_Collected data_
..............................

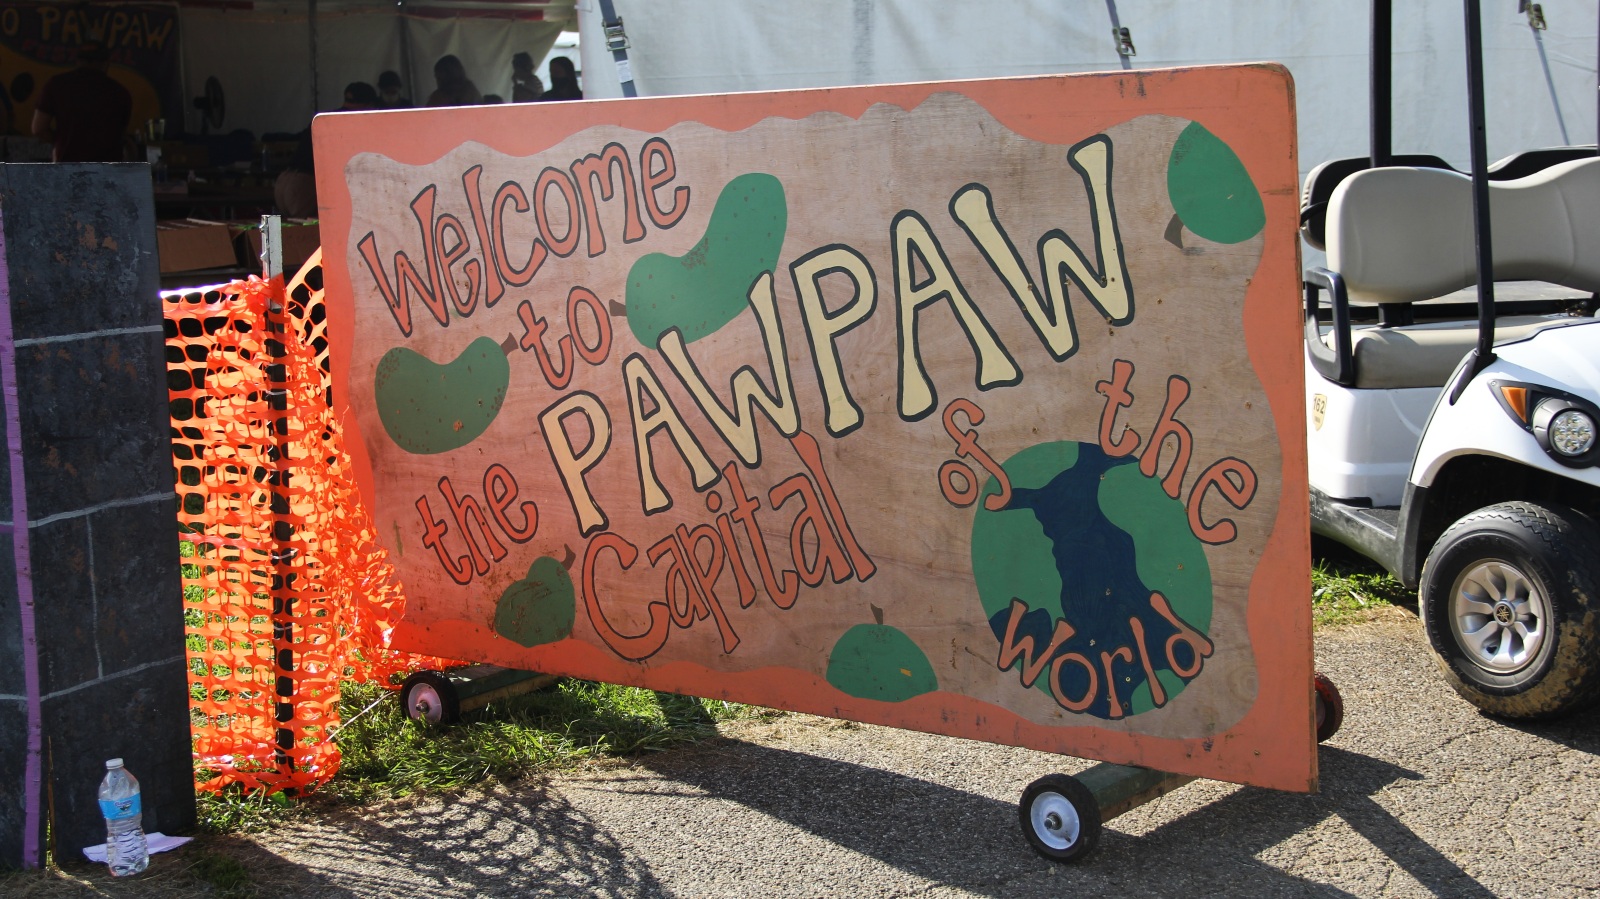 Ohio Pawpaw Festival
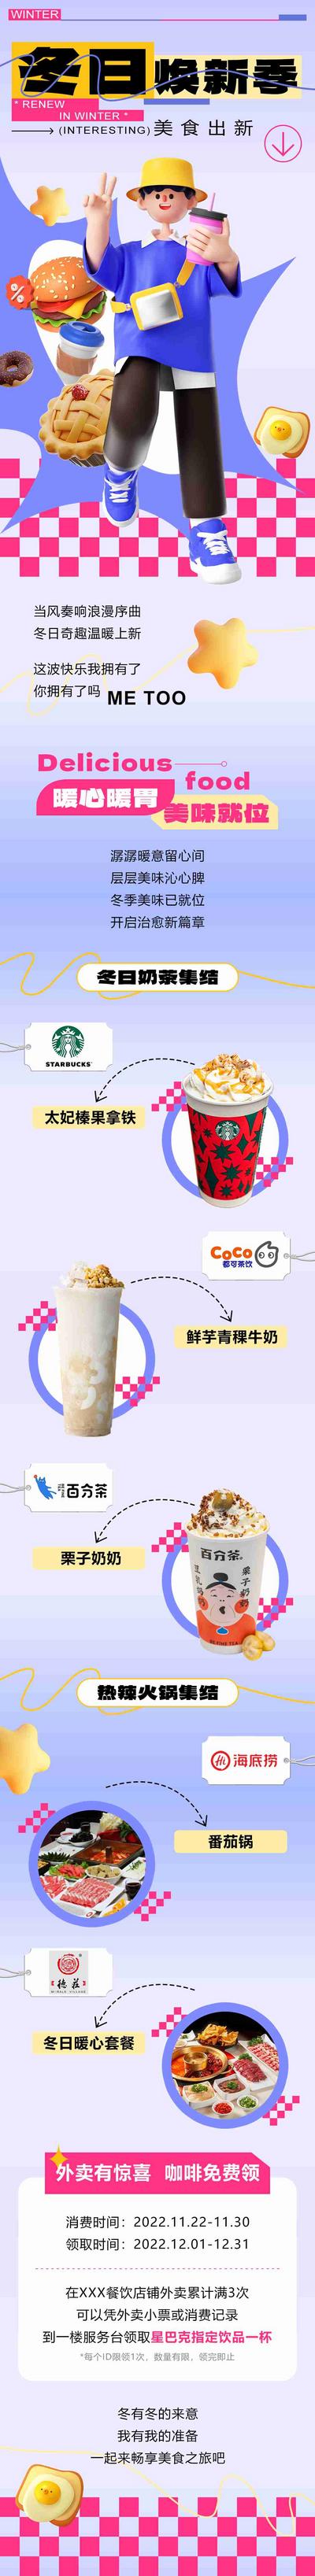 【南门网】长图 美食 专题设计 推文 冬天 奶茶 简约 商城 宣传 推广
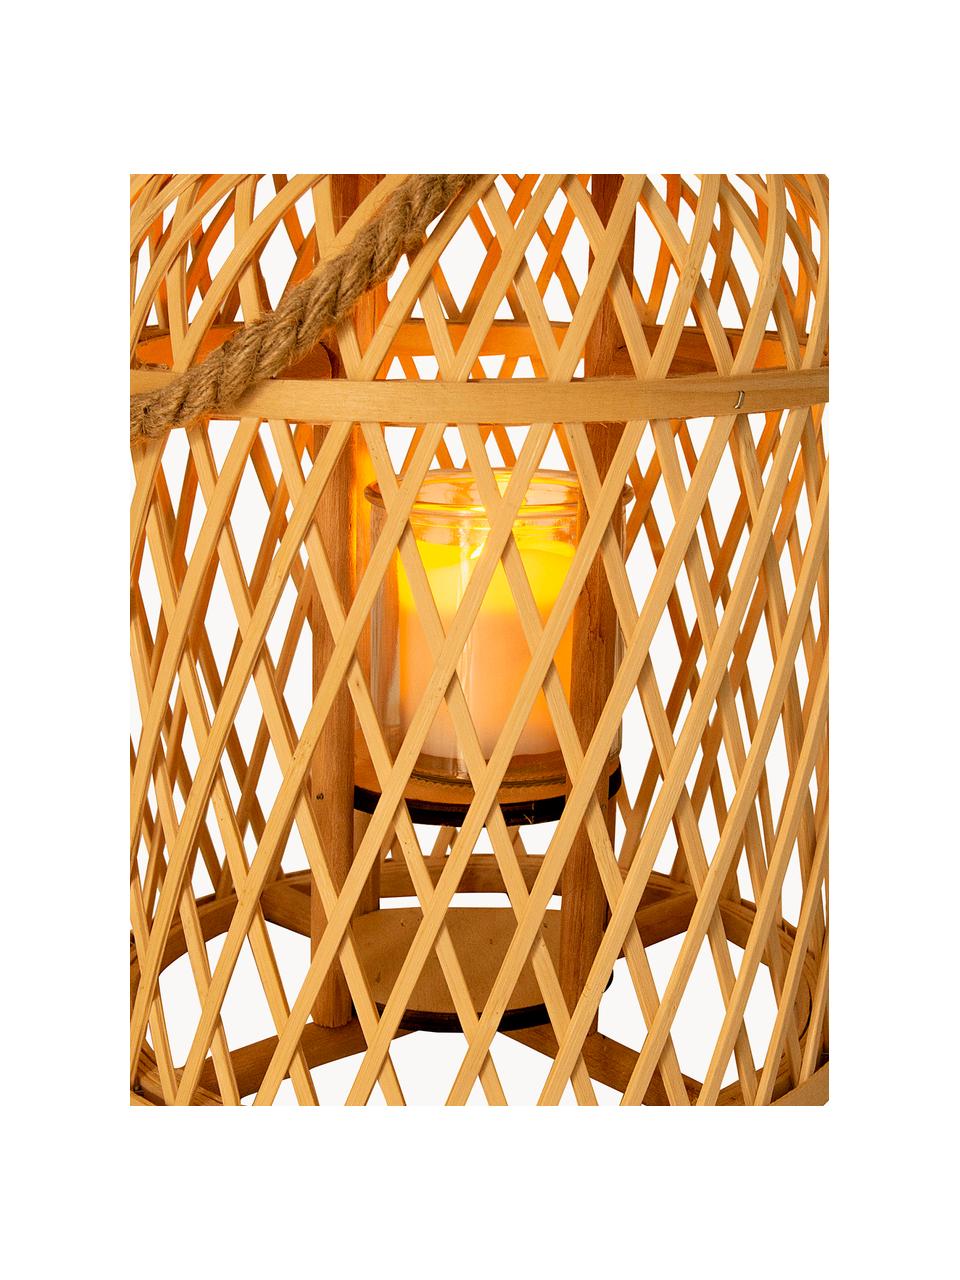 Solar LED-Kerze Korab mit Bambuskorb, Korb: Bambus, Griff: Jute, Hellbraun, Ø 23 x H 29 cm

..............................

_What you should do_
Begin at the line that contains "简约 商城 宣传 推广" and transcribe every line through the end of the listing, exactly as written. Omit the pictures.

_Solution to this exercise_
 【南门网】长图 美食 专题设计 推文 冬天 奶茶 简约 商城 宣传 推广
 Solar LED-Kerze Korab mit Bambuskorb, Korb: Bambus, Griff: Jute, Hellbraun, Ø 23 x H 29 cm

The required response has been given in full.